Abstract PDF: PURPOSE
Prostatic tumor induced gene-1 (PTI-1) is a mutated human EF-la and putative prostatic carcinoma tumor-inducing oncogene, that is differently expressed in prostatic cancer and benign prostatic hyperplasia. And, it is more sensitive marker than prostate- specific antigen (PSA) for detecting human prostate cancer in the bloodstream.
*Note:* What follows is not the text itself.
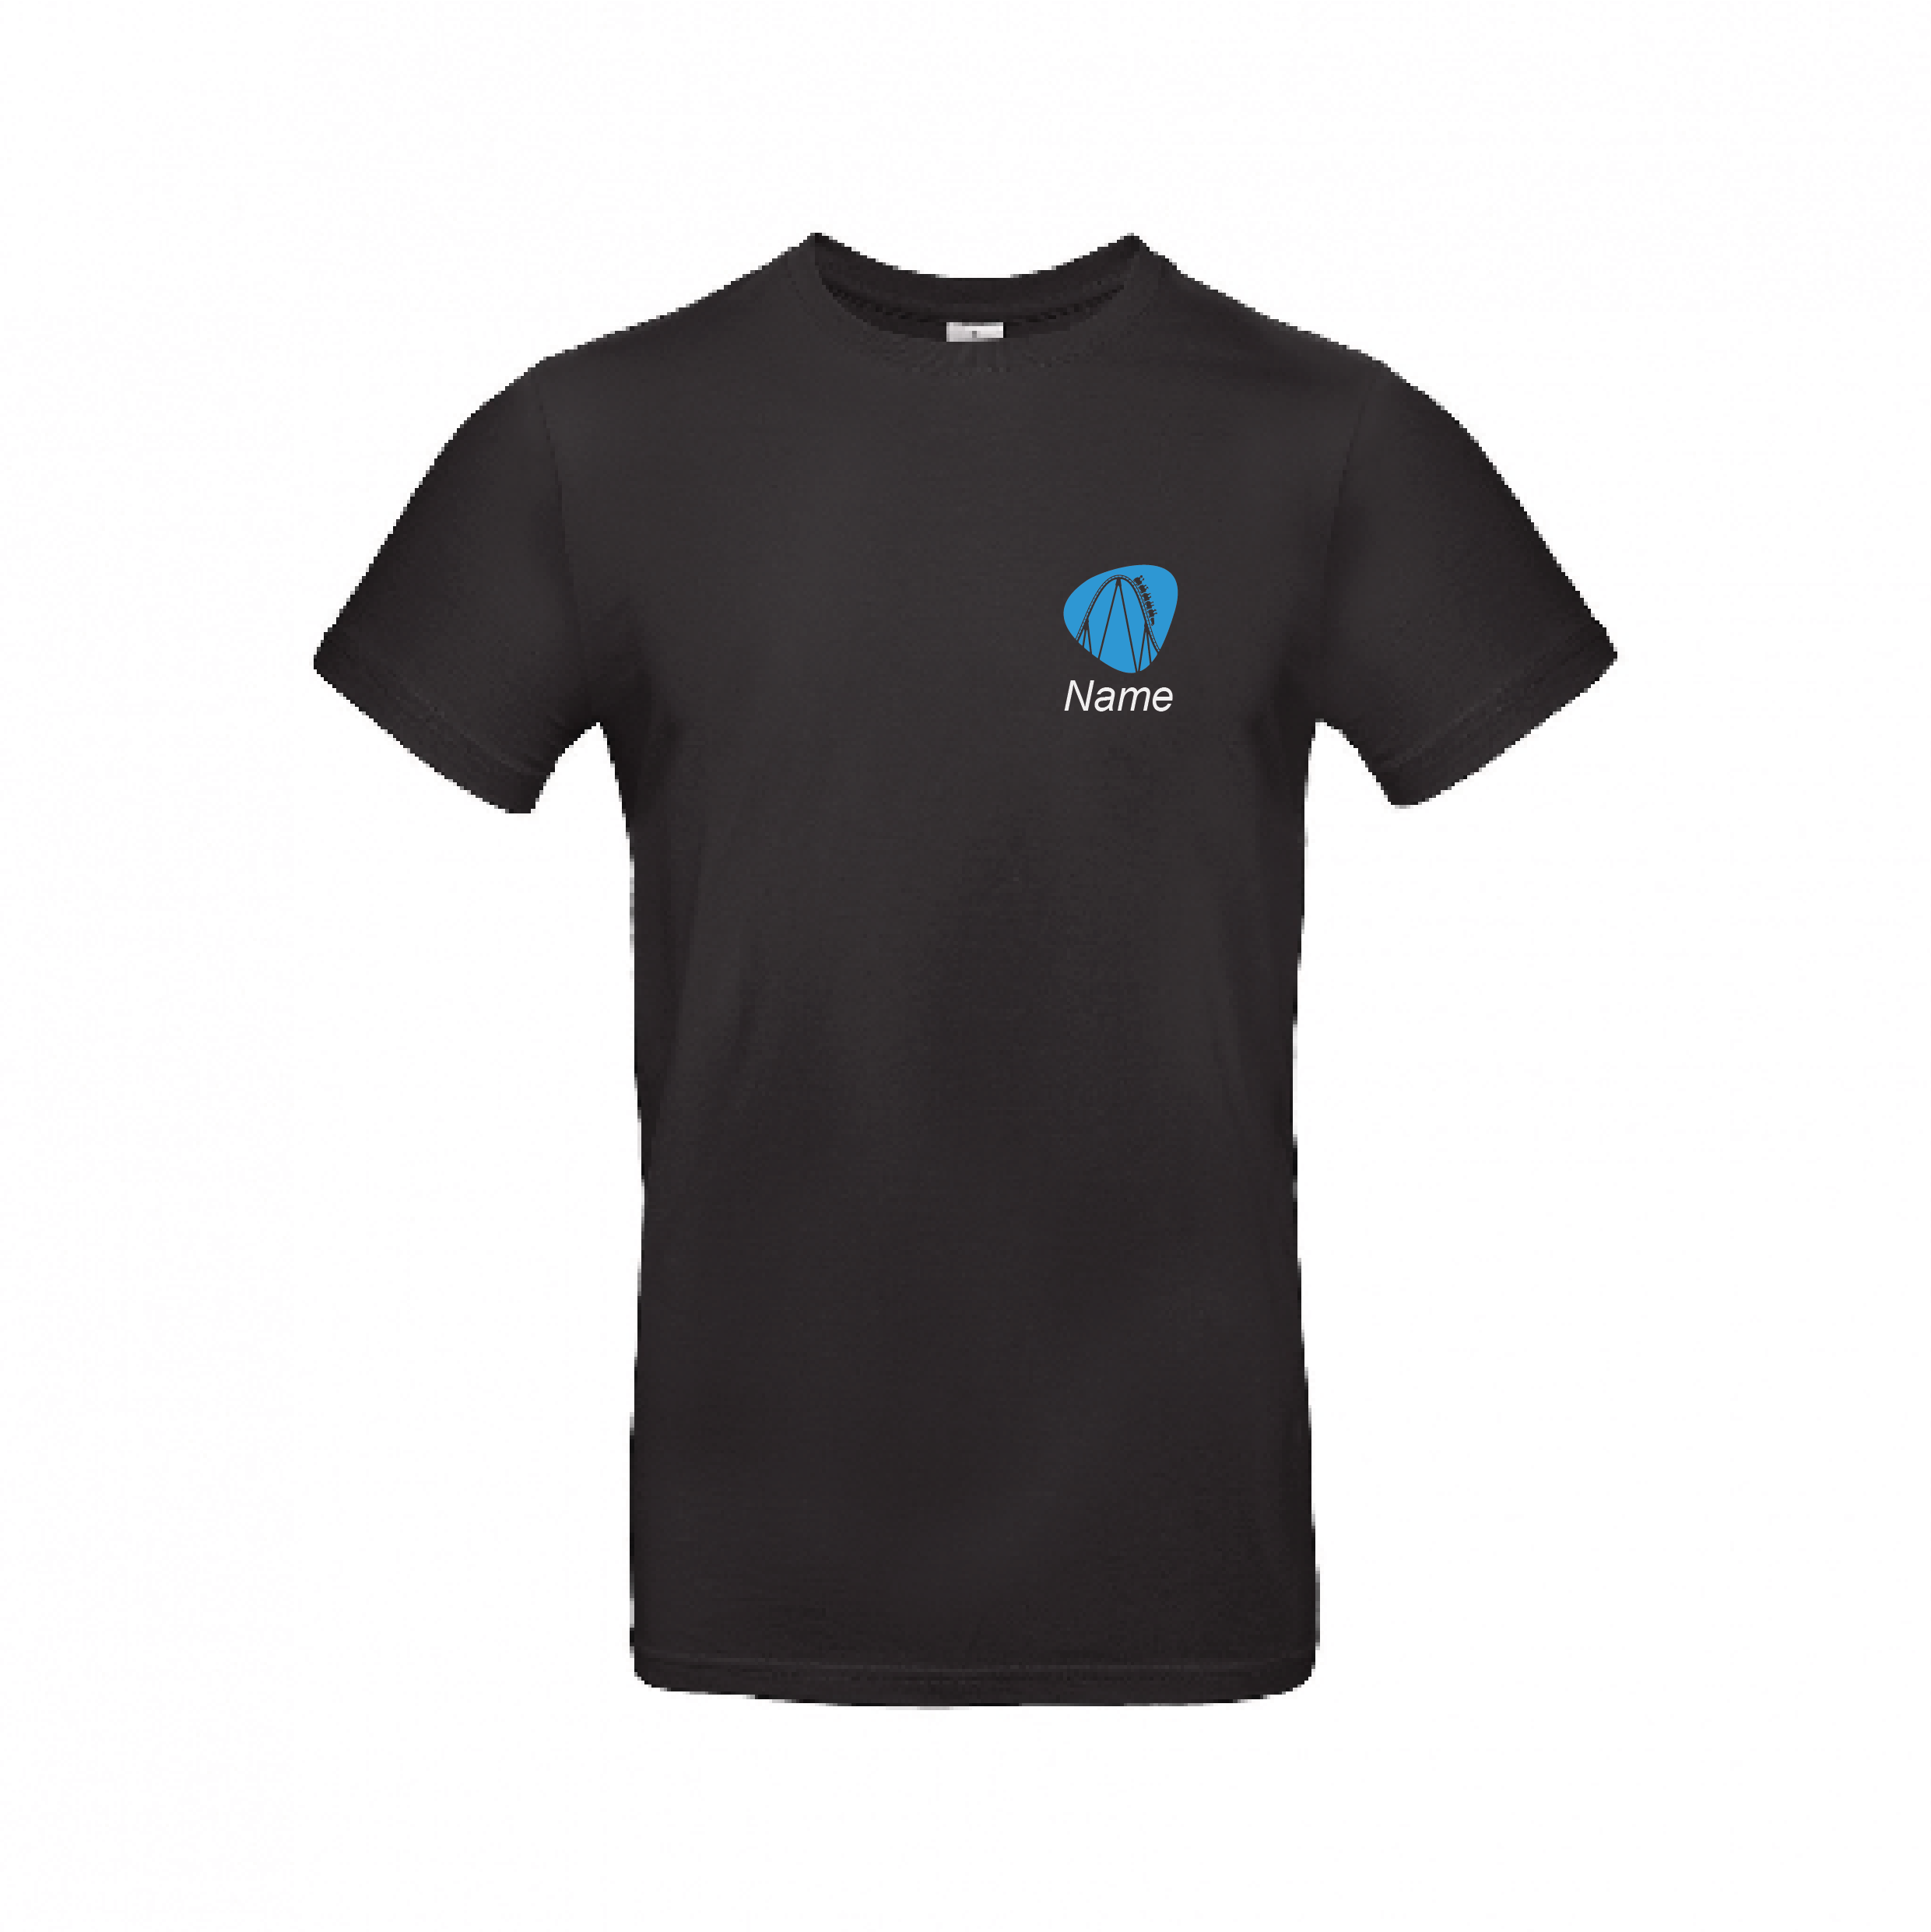 Unisex T-Shirt - Farbe schwarz mit blauer Schrift mit App Werbung inkl. Name und Versand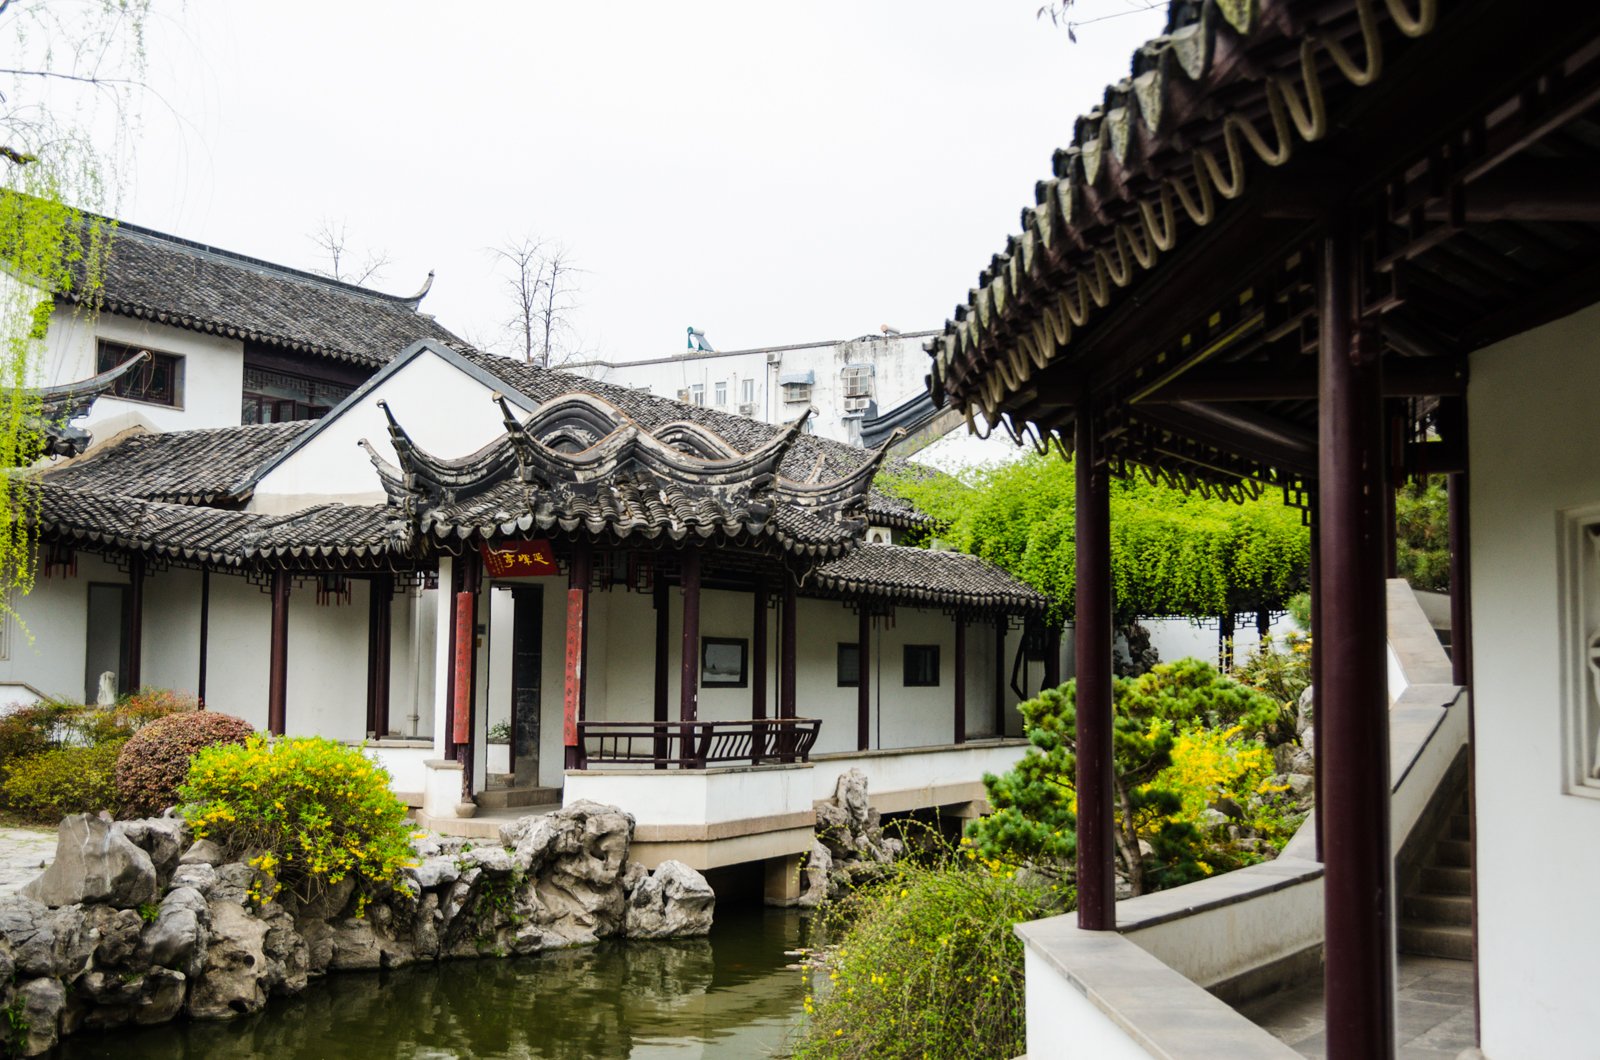 南京好玩的地方排行榜 南京十大旅游景点排名 - 手工客

This study invastigated the expression of PTI-1 in paraffin embedded tissue of prostatic carcinoma, prostatic intraepithelial neoplasia, and benign prostatic hyperplasia using in situ PCR.
MATERIALS AND METHODS
we evaluated expression of PTI-1 in prostatic carcinoma with prostatic intraepithelial neoplasia (PIN) of 32 cases, benign hyperplasia of 20 cases, high grade transitional cell carcinoma of 10 cases and colon cancer of 10 cases for control group. Also, the immunohistochemical staining for PSA was performed to comparison with clinical value of PSA.
RESULTS
The serum level of PSA was closely related to stage and Gleason score (p < 0.05). However, the results of immunohistochemical stains were variable to stage and Gleason score. PTI-1 using in situ PCR expressed in 50% of prostatic carcinoma, 41% of prostatic intraepithelial neoplasia, 10% of benign hyperplasia and colon cancer (p < 0.05). No expression is observed in transitional cell carcinoma. In prostatic carcinoma, PTI-1 expressed in 43.8% (7/16) of stage II, 50.0% (5/10) of stage III, and 66.7% (4/6) of stage IV (p<0.05). In PIN, expression of PTI-1 was similar to prostatic carcinoma (p<0.05).
CONCLUSION
PTI-1 represented a relatively sensitive marker for prostatic carcinoma and PIN, indicator of prostatic carcinoma progression.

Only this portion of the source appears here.